РЕДАКТИРОВАТЬ: Это также может представлять интерес :-)

ocram
источник
1
Это как раз мой вопрос ... Мне нужна оценка базовой функции риска, чтобы иметь возможность сделать прогноз, верно? Знаете ли вы какой-нибудь метод для его оценки?
Марья
2
@ Марьян, складной нож может неправильно отражать неопределенность, вызванную выбором переменной. Начальная загрузка правильно показывает больше изменчивости, в которой переменные помечены как «значимые». Если вы хотите провести «относительную валидацию», вы можете показать, что прогностическая дискриминация хороша после корректировки на переоснащение. Это не требует работы с базовой опасностью, но проверяет относительные оценки опасности в журнале. validateФункция в R rmsпакет в сочетании с cphфункцией будет делать. Единственный пошаговый алгоритм, реализованный в, validate- это обратное понижение.
Фрэнк Харрелл
1
Получение предсказанных относительных опасностей (т. Е. Линейного предиктора) довольно просто. Но я перестал использовать SAS в 1991 году.
Фрэнк Харрелл,
8
Ссылка оборвалась :-(.
gung - Восстановить Монику
2
Есть ли способ предсказать время выживания T для конкретного человека? Я имею в виду, что, учитывая список значений для ковариат, как определить время, после которого человек, скорее всего, умрет?
statBeginner
14

Функция predictSurvProbв pecпакете может дать вам оценки абсолютного риска для новых данных на основе существующей модели Кокса, если вы используете R.

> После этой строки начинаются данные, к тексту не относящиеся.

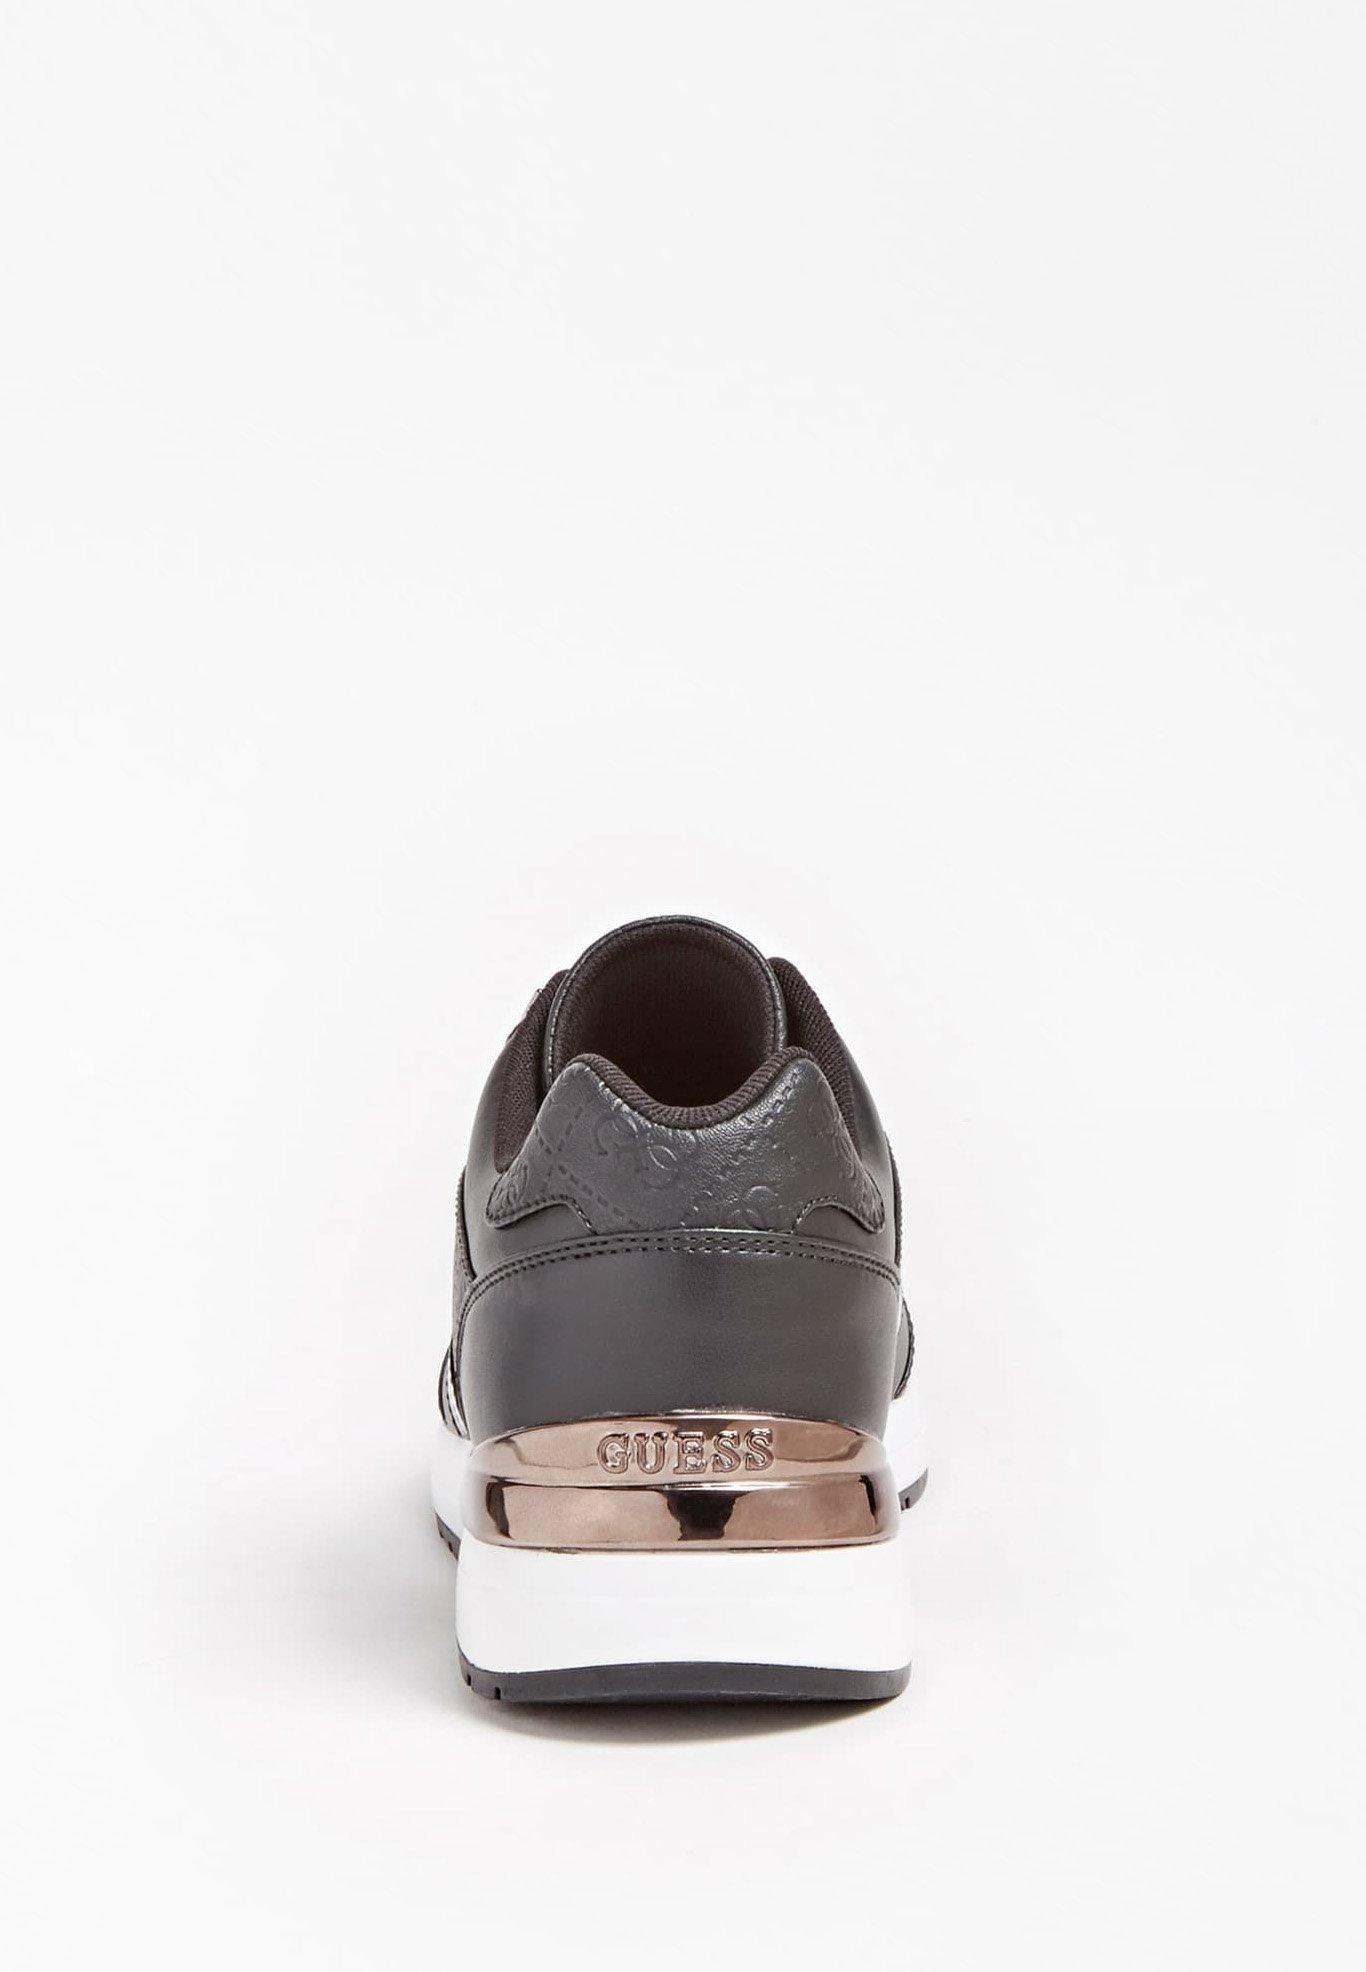 Guess Motiv - Sneaker Low Noir/schwarz

Математические детали я не могу объяснить.

РЕДАКТИРОВАТЬ: функция обеспечивает вероятности выживания, которые я принял за 1- (вероятность события).

РЕДАКТИРОВАТЬ 2:

Можно обойтись без пакета pec. Используя только пакет выживания, следующая функция возвращает абсолютный риск на основе модели Кокса

risk = function(model, newdata, time) {
  as.numeric(1-summary(survfit(model, newdata = newdata, se.fit = F, conf.int = F), times = time)$surv)
}
Миура
источник
1-Вероятность выживания - совокупная опасность. Я думаю, что OP запрашивает функцию мгновенной опасности (базовой линии) или какую-то сглаженную оценку ( muhazпакеты в R).
ECII
1
1-Вероятность выживания не является кумулятивной опасностью. В отсутствие конкурирующих рисков оба связаны, как подробно описано на en.wikipedia.org/wiki/… .
миура
1-Вероятность выживания = частота отказов (при условии только 1x метода отказа). Отношение вероятности выживания к накопленной опасности изложено в принятом ответе: S(t)=exp(−Λ(t))где Λ(t)накопленная опасность.
НикБраунагель
11

Может быть, вы хотели бы попробовать что-то подобное? Установите модель пропорциональных рисков Кокса и используйте ее, чтобы получить предсказанную кривую выживания для нового экземпляра.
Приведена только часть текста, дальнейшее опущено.